1. Use Option Strict On to show Errors while editing


Put the line:

   Option Strict On

as the first line of code in your form as shown in the example.

Then Visual Studio will show design time errors to you while editing by underlining or highlighting the errors several ways. The project will not run until the errors are corrected. Plus, you can sometimes click the error highlights and get the correct syntax or other suggestions.

 

Adding Option Strict to a Form.

 

You can also set Option Strict for the Project in the Visual Studio menu item Project - Properties - Debug tab.

 

 

 

2. Set the Debugger to Break on Errors

Make sure your project is set to break on errors in debug using the menu item Debug - Window - Exceptions (or just Debug - Exceptions depending on VS version) and make sure all items for Common Language Runtime errors is checked. Otherwise you could be getting an error but Visual Studio is not showing it.

Select the menu item Debug - Windows - Exception Settings:

 

Check Common Language Runtime Exceptions (all items):

 

 

 

3. Set execution Break Point and Examine the Values

A break point causes code execution to stop on a selected line when you are running in the design environment.

You can make a break point several ways.
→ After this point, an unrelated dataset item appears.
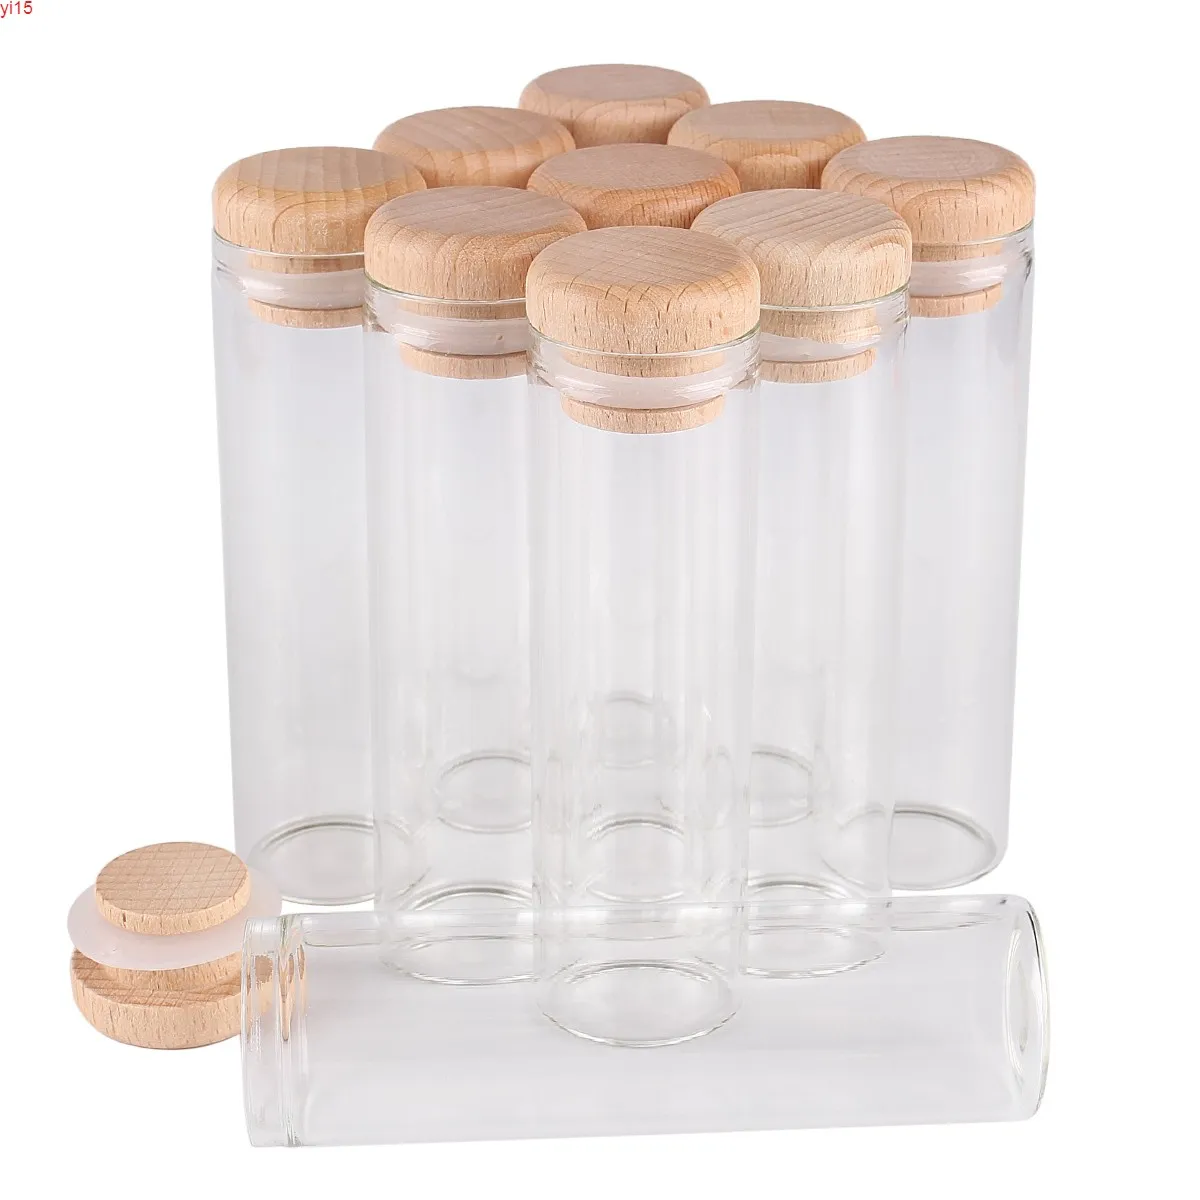 24 piezas 50 ml 30 * 100 mm Tubos de ensayo con tapas de madera Frascos de vidrio para especias Viales Wish Bolttes Wish Bottle Containergood qty

One way is put a line with the word Stop in your code.

Another way to set a break point is to use the mouse to click the left border of the Visual Studio code window. That creates a red line at the break and then when you run the code it stops execution on that line (when paused the break is shown with a yellow highlight):

 

 

When you stop the code execution at a break point, examine the values with Intellisense by hovering the mouse over the variables.

 

Single Step execution

You can run your code one line at a time with the Single Step feature on the Debug Toolbar.

You can start your application at the first line or pause execution and then single step execution of each line of code. As you step you can look at the values of variables and follow where your code is going.

 

 

 

 

The images on this page are from Visual Studio 2015.